The first motion to dismiss the CRC’s lawsuit, that asks for a temporary restraining order of the ordinance, was filed by the city Sept. 9.

Michael Stout, CRC’s attorney, said when the first motion to dismiss was filed from the city, the CRC agreed to file another complaint rather than fight the motion.

The first motion to dismiss stated the plaintiff – the CRC – is an “unincorporated” organization and does not have standing to challenge the “constitutionality” of the ordinance on its own behalf or its members. It also states the CRC’s alleged claims that the ordinance has caused economic loss is not backed up by facts to show that the CRC has a “personal stake” in the lawsuit.

The CRC then refiled their complaint Oct. 28, this time naming particular members of the CRC – Brenda McKenzie of Variety Liquor and Lounge, Billy Ray of Billy Ray’s Restaurant and Lounge, and Neal Roe of Peppers Grill and Bar – that states their businesses have incurred economic loss because of the ordinance.

In response to the new complaint, the city filed a second motion to dismiss Nov. 19, delaying the hearing. The second motion adds that the newly named plaintiffs also lack the standing to challenge the ordinance.

Stout said the city’s lawyers, Rodey, Dickason, Sloan, Akin and Robb, P.A., a firm in Albuquerque, keep filing motions to delay the hearing.
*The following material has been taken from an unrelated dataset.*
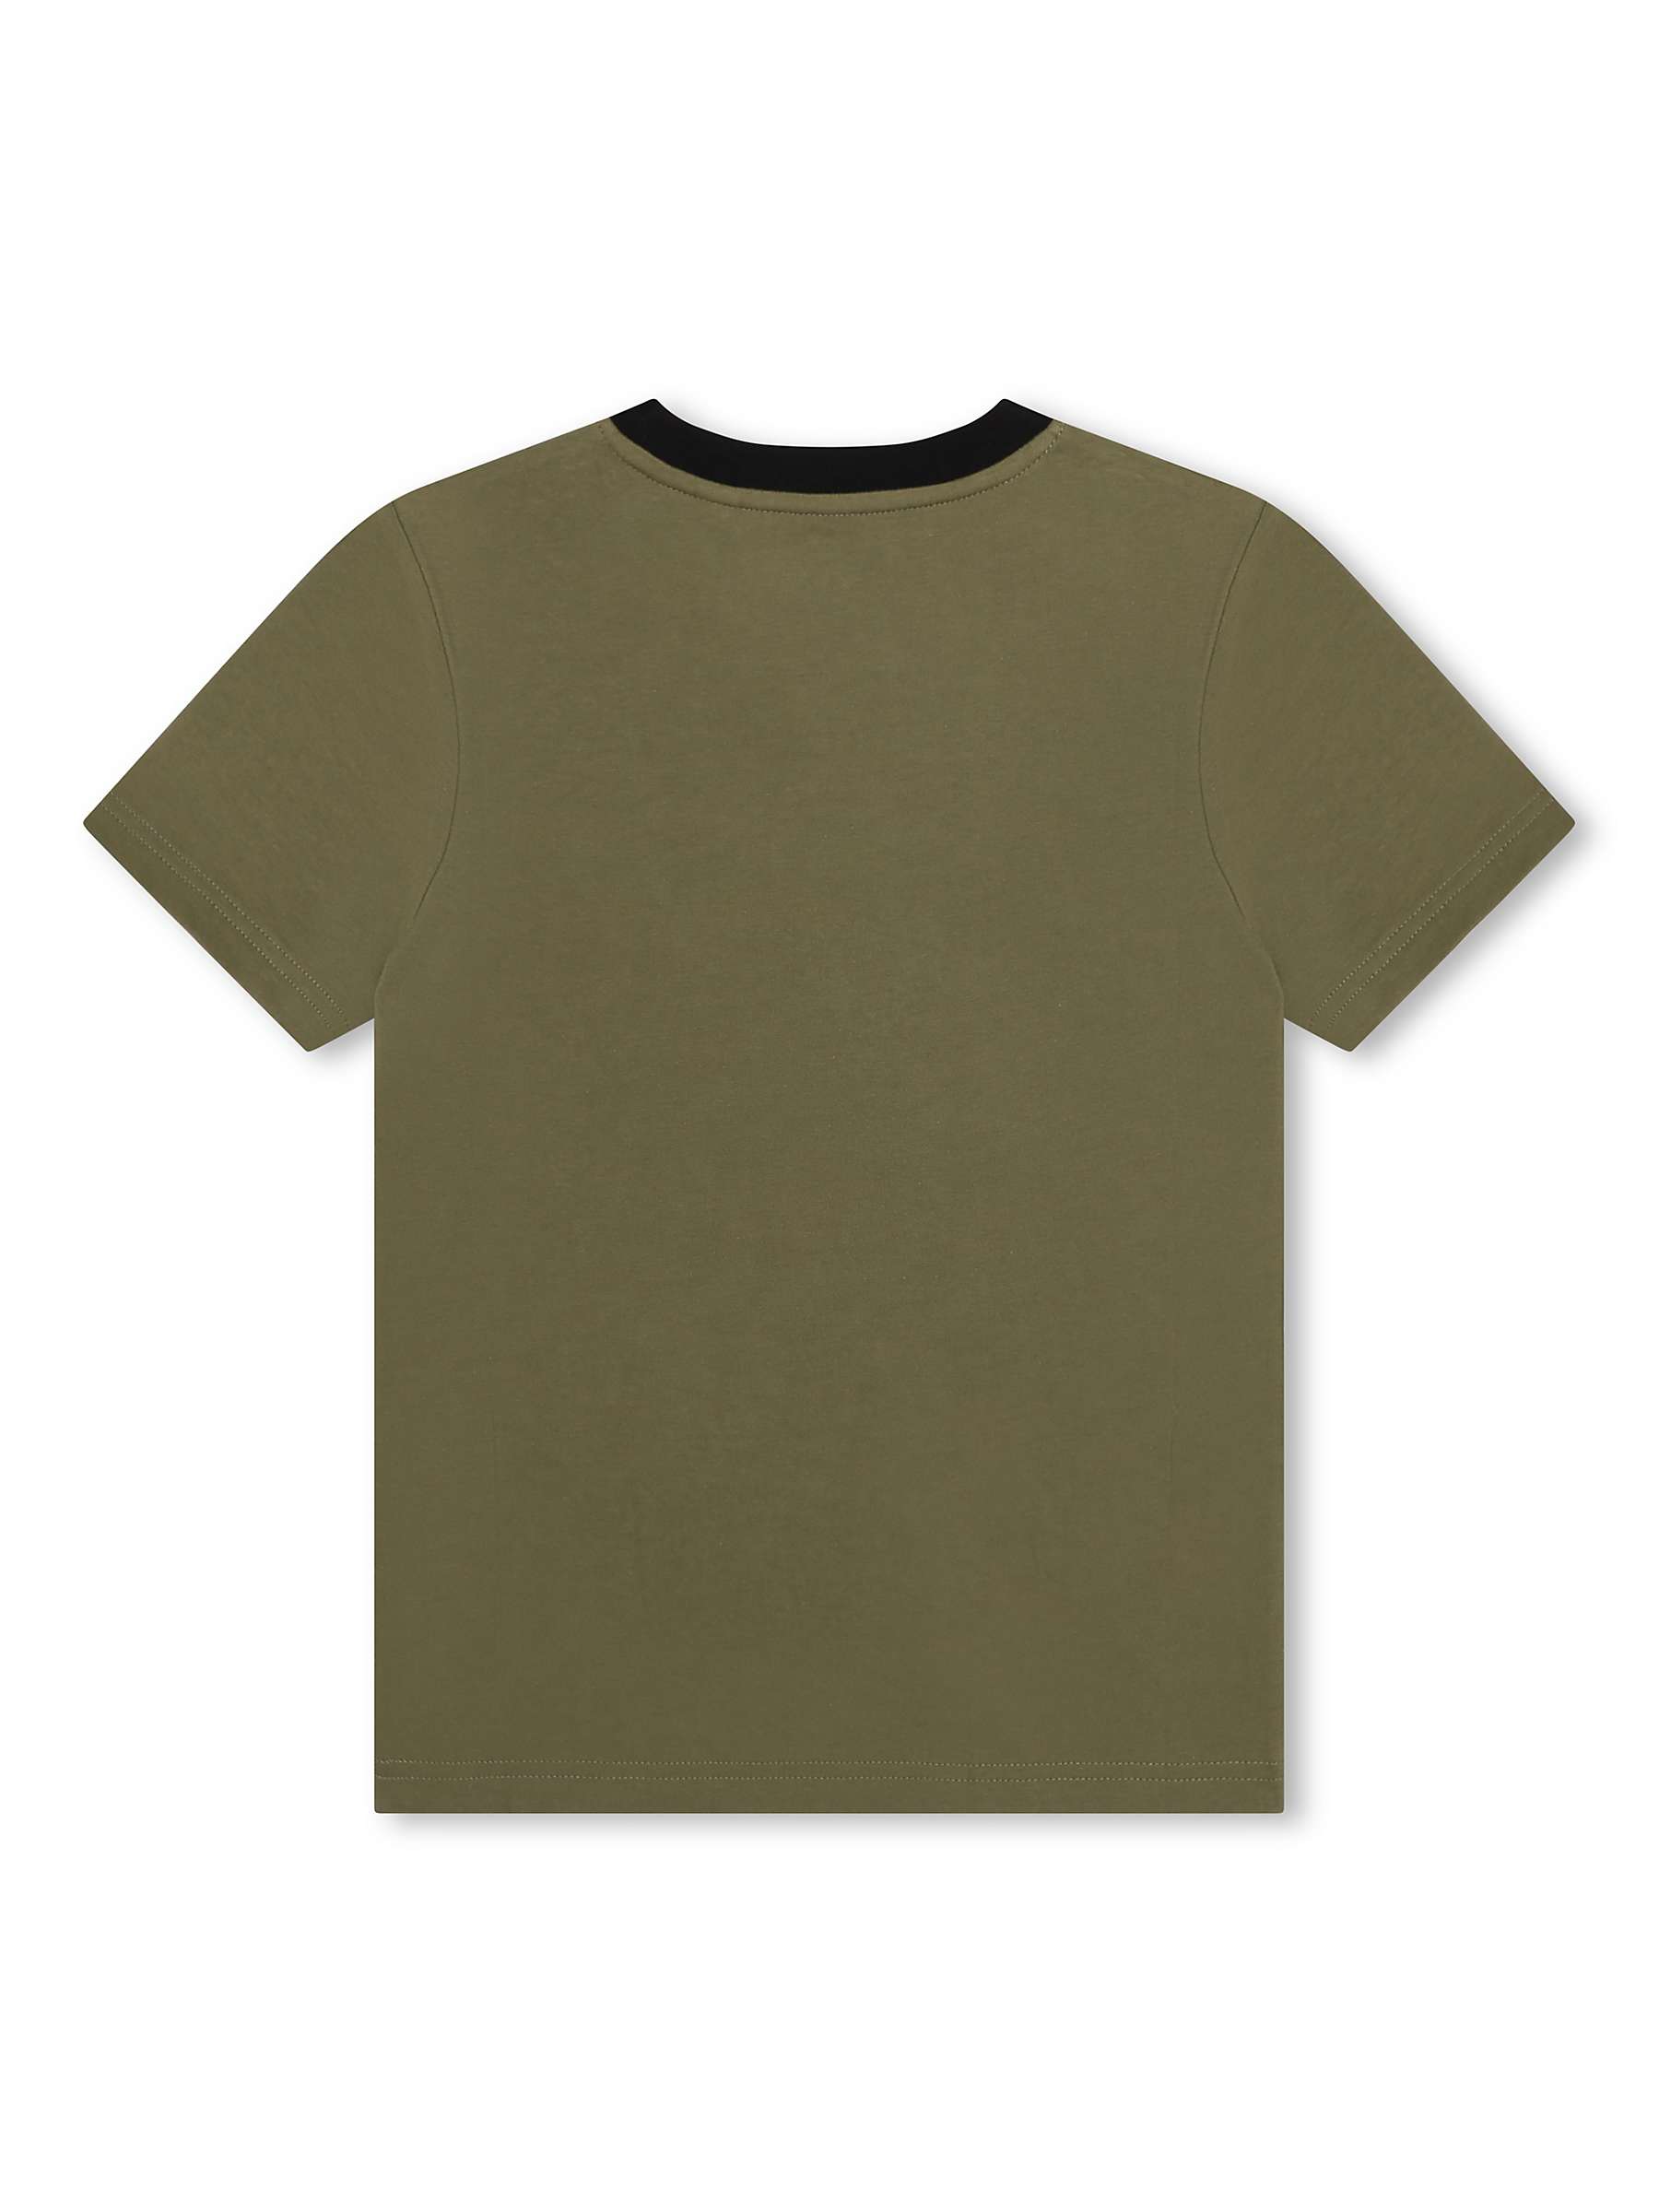 Buy Timberland Kids' Built For The Bold Logo T-Shirt, Green Online at johnlewis.com

“Our goal is to get to the merits of the case to have the judge hear the case so we can reach a conclusion on the case,” Stout said. “Apparently, the defense is to try to keep that hearing from happening so they are filing motions to keep from having the hearing.”

Andrew Schultz, the city’s attorney, declined comment on the case.

The second motion also states the CRC has not shown proof that the plaintiffs have lost business or that they are on the “brink of losing their businesses” due to the ordinance.

In November, Marilyn Wynn, manager of Variety on West Second Street, told the Daily Record the bar has lost about 40 percent of its business since the ordinance was implemented. She said at the rate business is going, they may have to close down.

Stout added the CRC just wants the case to be heard so a judge can decide if the ordinance is constitutional.

“The people of Roswell are not having their case determined very quickly,” Stout said. “Which ever way the case goes, I think everybody would prefer that it be heard on the merits so that people can know and businesses can know how they should act with respect to the ordinance.”

The CRC’s complaint also asks for a judgment that would declare the ordinance unconstitutional and unenforceable, and the city pay for the CRC’s attorney fees and any other relief the court may deem fair.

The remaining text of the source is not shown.